Literally every economic policy or lack of policy influences people's real income and wealth. The word entitlement is not standard economic terminology, at least in North America, and I don't see why we should adopt it. Every work in the economics literature is about these questions, including the many that consider usury laws. His weird use of terminology to try to make banal observations that have been made in a hundred places before seem unique and important reminds me a lot of reading Karl Marx's economic work, where much of Capital consists of him badly reproducing classical economic thought with his own tortured definitions and terminology.

Trevor - you do have a point about the excessive formalism of some of Sen's work. But complaining about formalism in 1970s-style economics is like complaining about long self-indulgent guitar solos in 1970s-style music. That was just the way they rocked things back then.

In terms of the banality of Sen's observations - they seem banal now in part because Sen's ideas have become so widely accepted. In the 1970s and 80s, the idea that famines should be addressed through economic policy rather than technocratic food-aid type solutions was new and radical.

It would be nice to think that Sen's observations have no relevance for today's crisis. It would also be nice to think that the fact that people will starve if they don't have any income or way of earning income would be so obvious that it doesn't need stating.
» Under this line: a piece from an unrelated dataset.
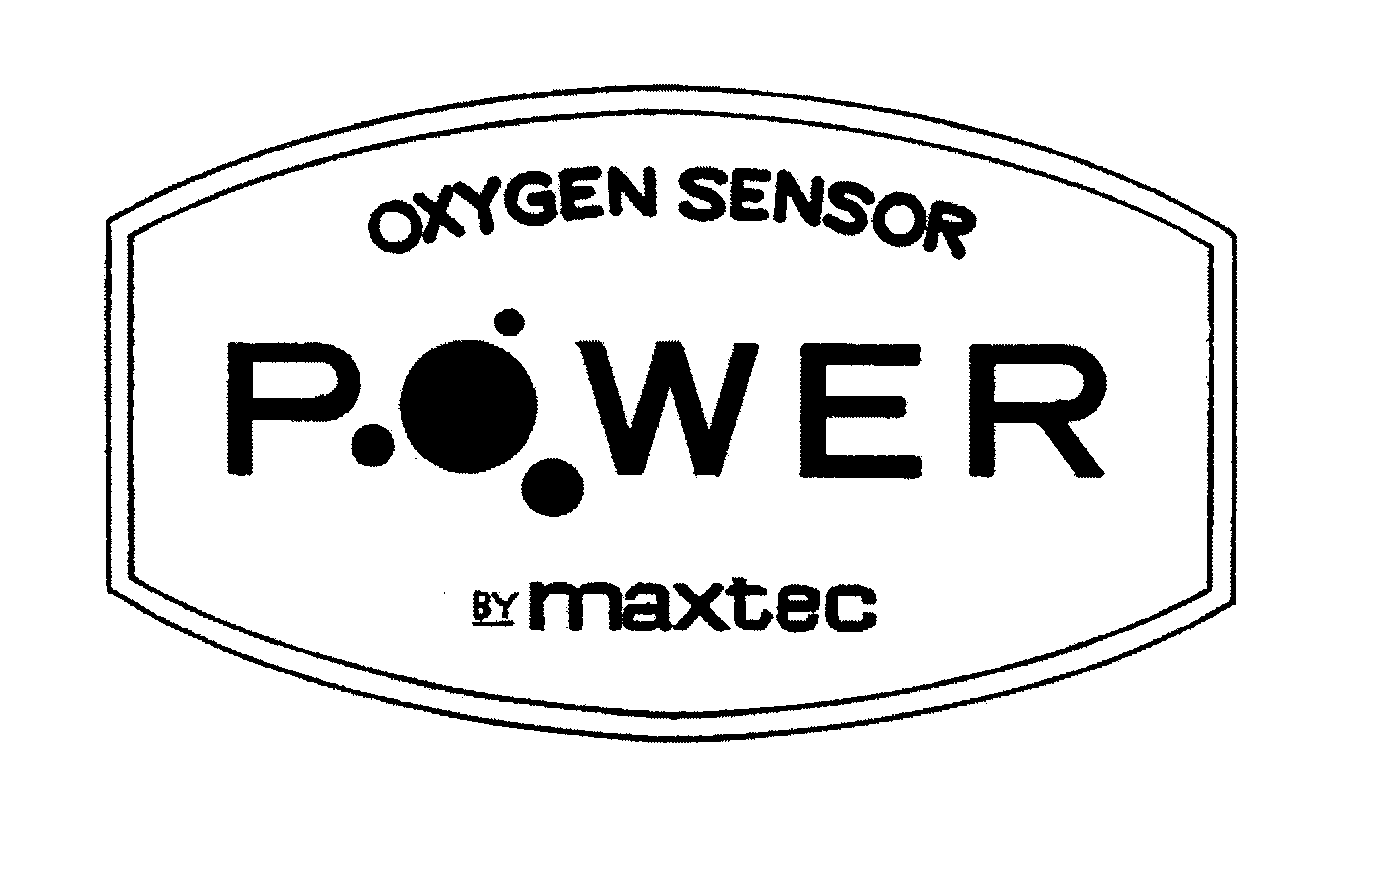  OXYGEN SENSOR POWER BY MAXTEC

But when I look at the joblessness numbers, and some countries' policy responses, I'm not so sure this is the case.

Beautifully put, Frances. (I initially shared Trevor's reaction.)

Declan - thanks!

When Sen was writing, the response to famine was led by agricultural experts who focused there *being* enough food and ignored the economic and social forces meant people sometimes didn't *have* enough food, even if food was available.

I wouldn't want to press the analogy with today's situation too far, but I do think it's important to have economists, sociologists and psychologists in the room, as well as epidemiologists (irrespective of any of those groups GRE scores!), when policy is being made.